Having the synod and month of missions coincide “will prove to be one more occasion to help us become missionary disciples, ever more passionately devoted to Jesus and his mission, to the ends of the earth,” he said.

“Every man and woman is a mission,” he said; it is the reason for why one is alive on this earth.

“To be attracted and to be sent are two movements that our hearts, especially when we are young, feel as interior forces of love; they hold out promise for our future, and they give direction to our lives,” Pope Francis said.

But it is still a great challenge to live out this responsibility for the world with joy, he added.

However, he urged young people, “do not be afraid of Christ and his church! For there we find the treasure that fills life with joy.”

Recalling his own experience, the pope said it was thanks to his faith that “I found the sure foundation of my dreams and the strength to realize them.”

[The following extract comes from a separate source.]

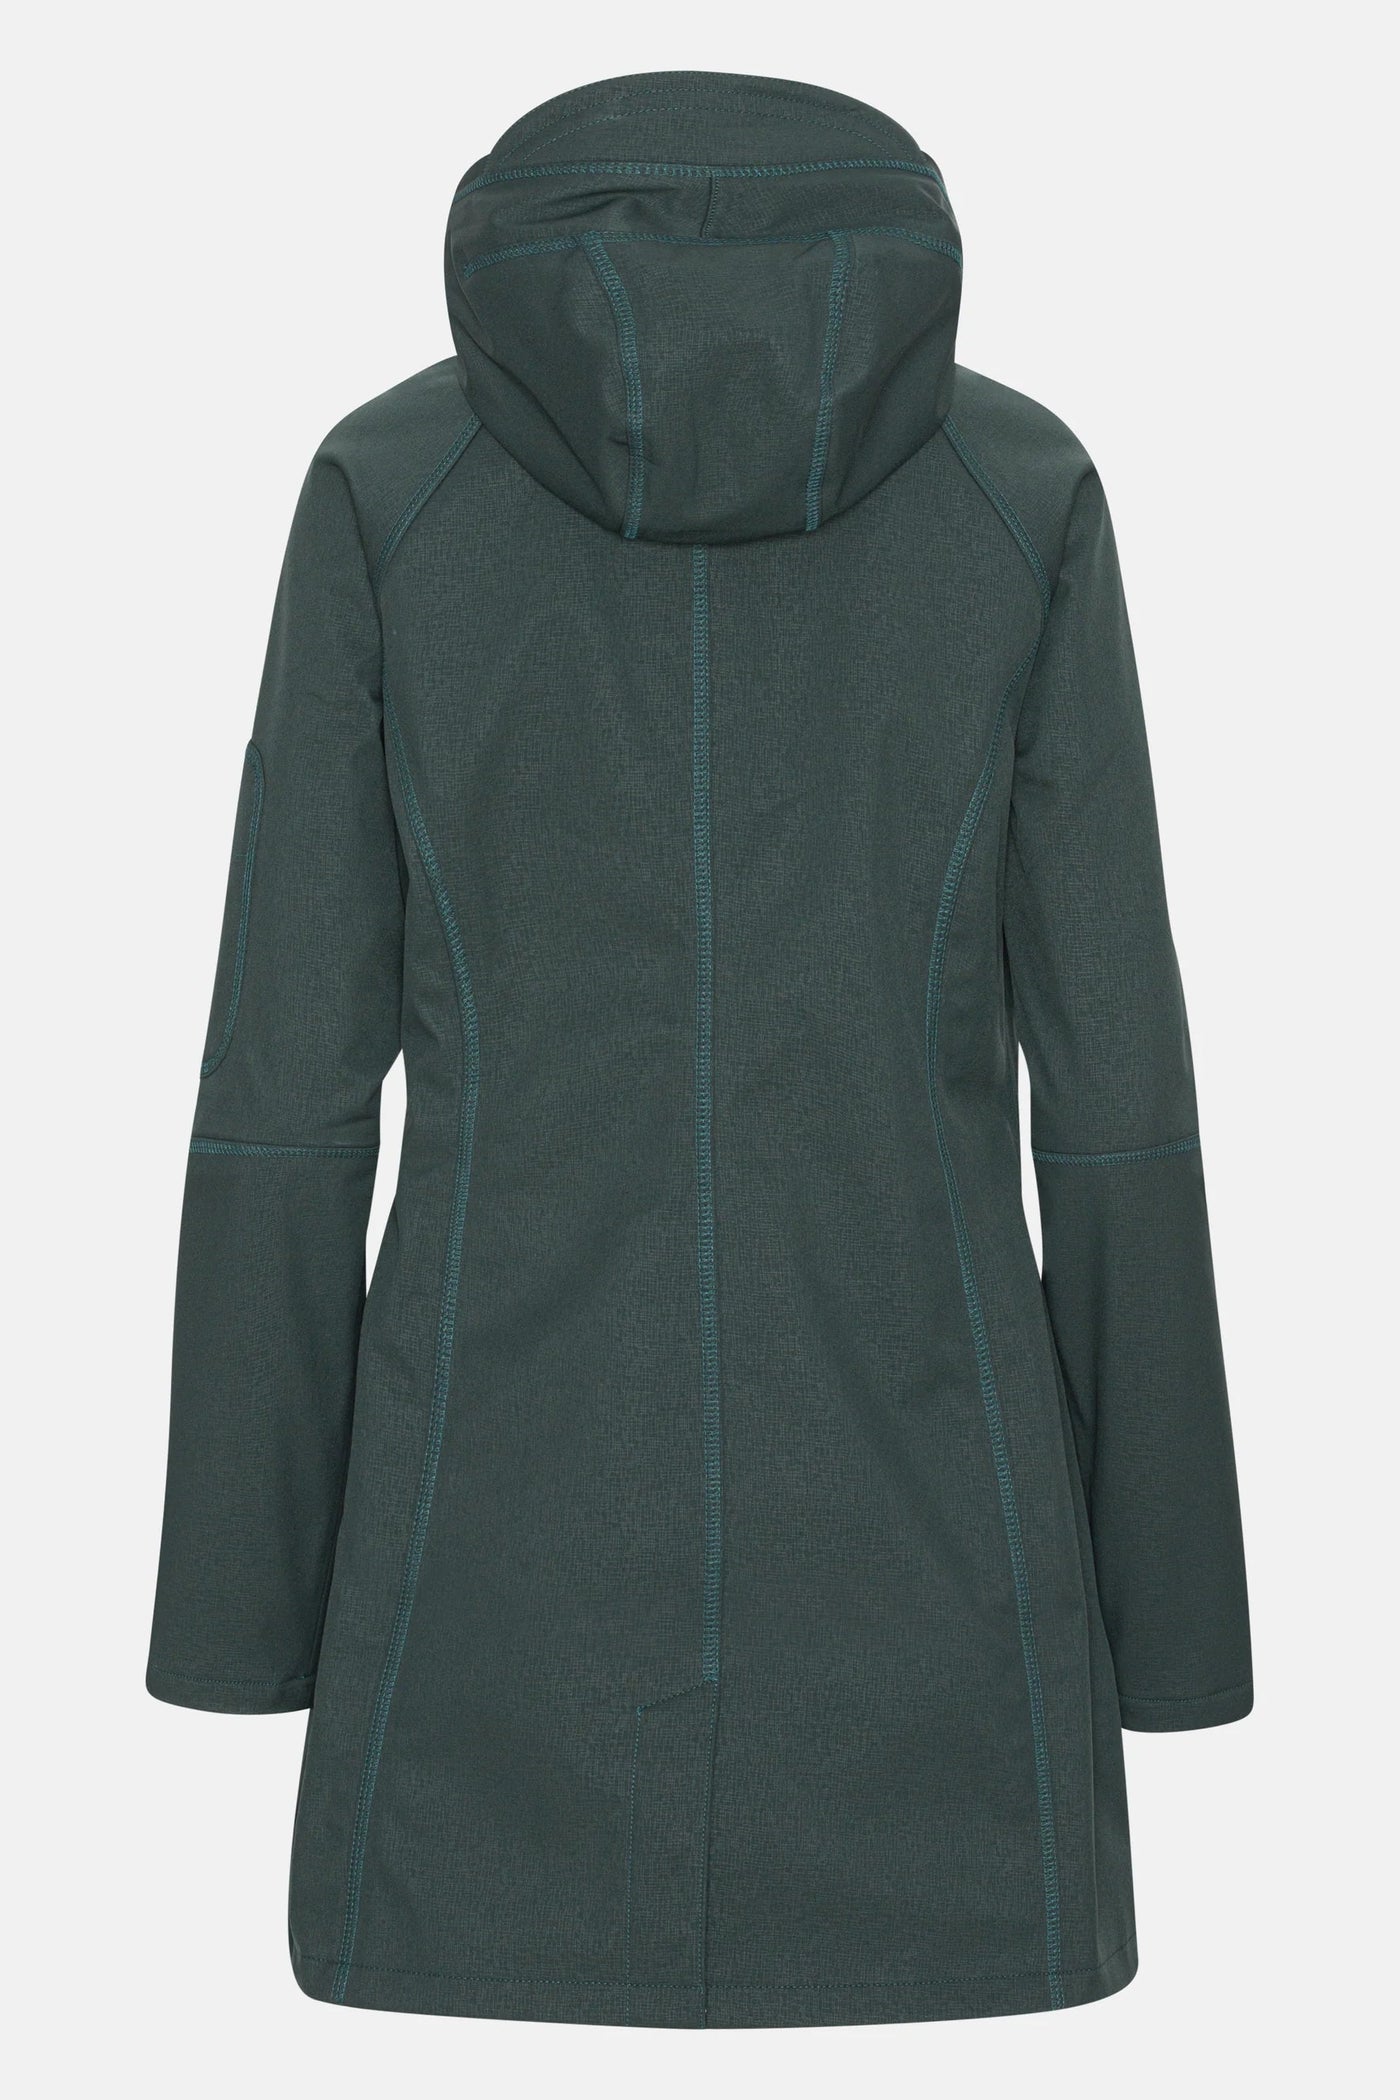 Ilse Jacobsen Rain37 in Beetle-Womens-Ohh! By Gum - Shop Sustainable

Even though he has seen so much suffering and poverty, “for those who stand by Jesus, evil is an incentive to ever greater love,” the pope said.

He asked young people to “be set afire by the love of Christ” so they are “consumed by that fire” and grow in understanding by its light and warmed by its love. Never stop wondering, he said, “What would Christ do if he were in my place?”

When it comes to bringing the Gospel to the “ends of the earth,” today’s extreme peripheries are not just places that that have never heard of Jesus and experienced the sacramental presence of the church.

“The most desolate periphery of all is where mankind, in need of Christ, remains indifferent to the faith or shows hatred for the fullness of life in God. All material and spiritual poverty, every form of discrimination against our brothers and sisters, is always a consequence of the rejection of God and his love,” he said.

Many of these places are “easily navigable” today, he said. The digital world, with its social networks, “dissolves borders, eliminates distances and reduces differences.”

But even though everything appears within reach and immediate online, if it lacks “the sincere gift of our lives, we could well have countless contacts but never share in a true communion of life,” the pope said.

“To share in the mission to the ends of the earth demands the gift of oneself in the vocation that God, who has placed us on this earth, chooses to give us,” he said, which is why it is so important young people seek, discover and persevere in his or her vocation.